De acordo com informações fornecidas à agência Lusa, desde 2019, a ASAE contabilizou 521 denúncias, sendo que cinco ocorreram apenas este ano. Muitas dessas queixas estão ligadas a estabelecimentos de estética, cabeleireiros e clínicas médicas, onde se realizam atos que exigem formação específica. Os consumidores, assim como profissionais de saúde e associações do setor, têm manifestado uma crescente preocupação com a realização de procedimentos invasivos por pessoas sem a devida qualificação.

Além disso, a Entidade Reguladora da Saúde (ERS) recebeu quase 450 denúncias nos últimos quatro anos, tendo realizado 204 ações de fiscalização, 82 das quais apenas no ano passado. As fiscalizações conjuntas entre a ERS, ASAE e Infarmed totalizaram 49 entre 2023 e 2025, refletindo a seriedade da situação.

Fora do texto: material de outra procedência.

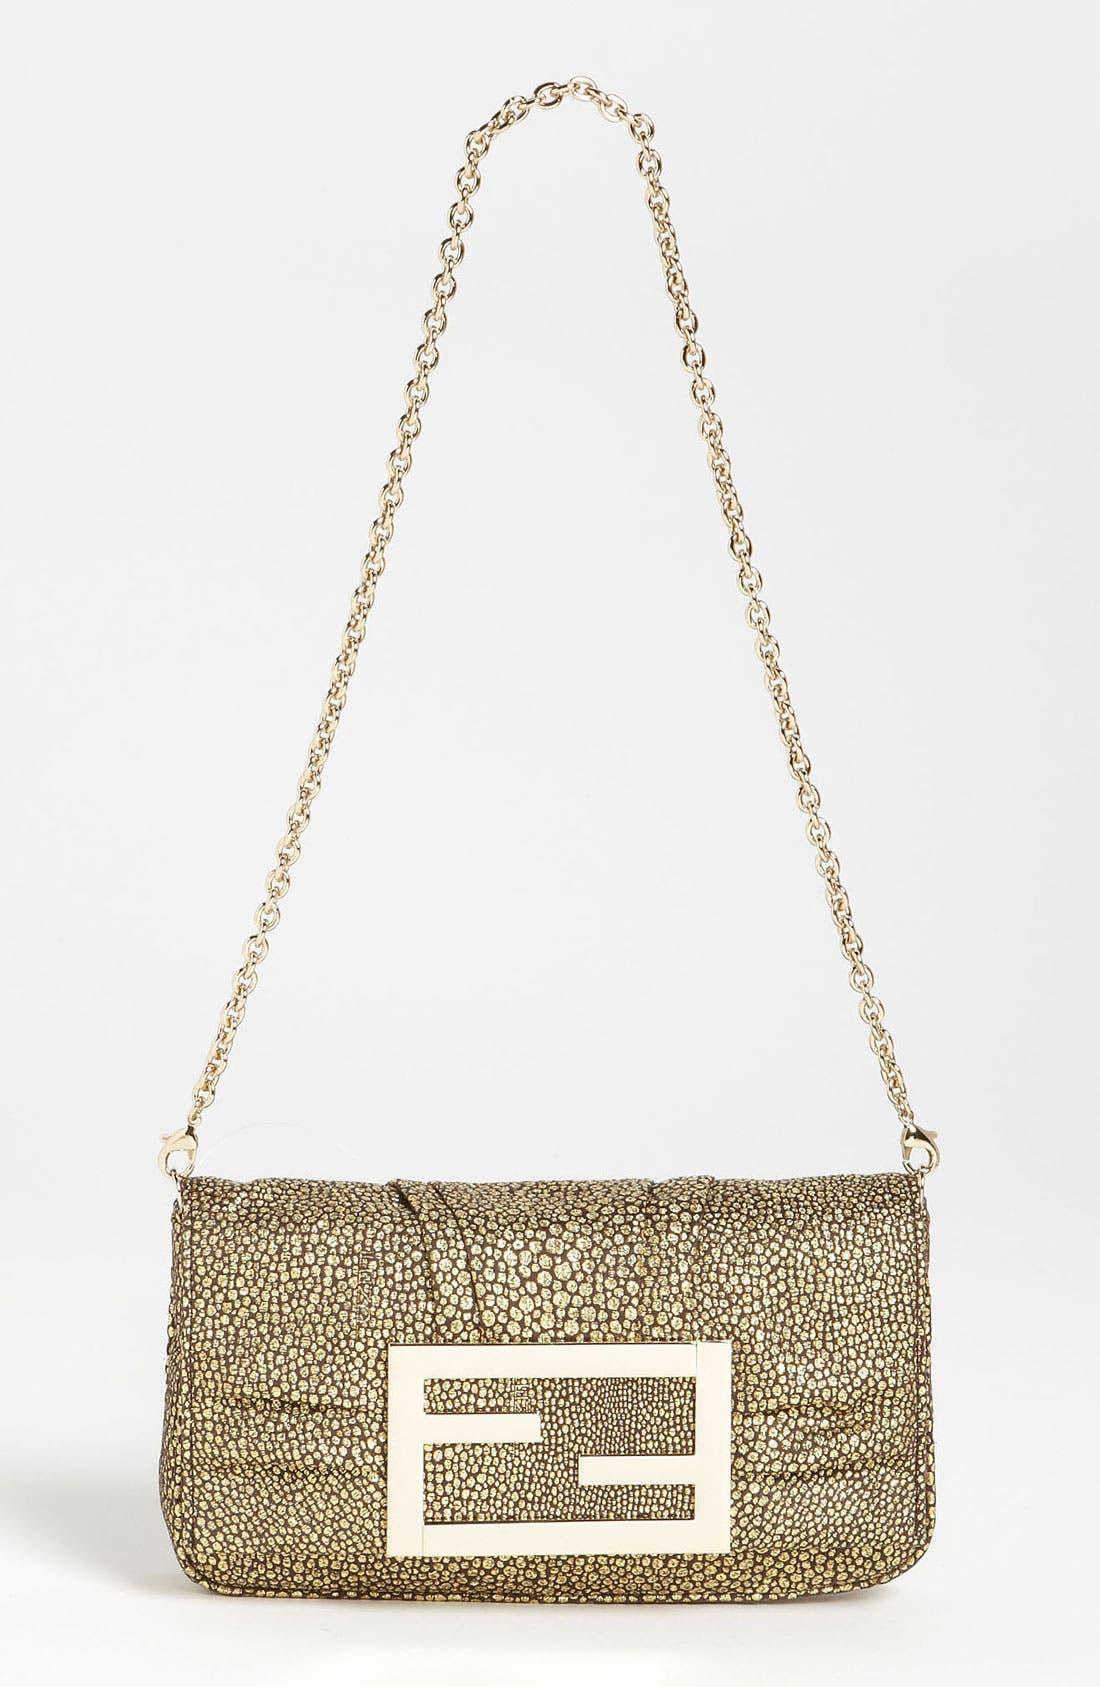 Alternate Image 1 Selected - Fendi 'Mia' Fabric Evening Bag

A escolha das entidades a fiscalizar é baseada na gravidade das denúncias e no risco que estas representam para a saúde dos utentes. Entre 2021 e 2025, a ERS recebeu 438 pedidos de informação sobre as habilitações necessárias para a realização de cuidados de saúde estéticos, evidenciando a necessidade de esclarecimento sobre os requisitos legais e regulamentares.

As autoridades alertam que, apesar de parecerem simples, os procedimentos estéticos podem ser perigosos se realizados por pessoas não habilitadas. Estes atos interferem com vasos sanguíneos, nervos e tecidos cutâneos, podendo resultar em infeções graves, oclusões vasculares e até deformações irreversíveis.

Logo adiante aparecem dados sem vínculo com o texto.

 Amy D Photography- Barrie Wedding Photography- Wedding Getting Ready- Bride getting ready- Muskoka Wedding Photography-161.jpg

Com a campanha “Não é só estética. É saúde.”, as entidades envolvidas pretendem informar os consumidores sobre a importância de escolher profissionais qualificados. A segurança dos utentes deve ser uma prioridade, e é fundamental que estes procedimentos sejam realizados em ambientes licenciados e com condições adequadas de higiene e segurança.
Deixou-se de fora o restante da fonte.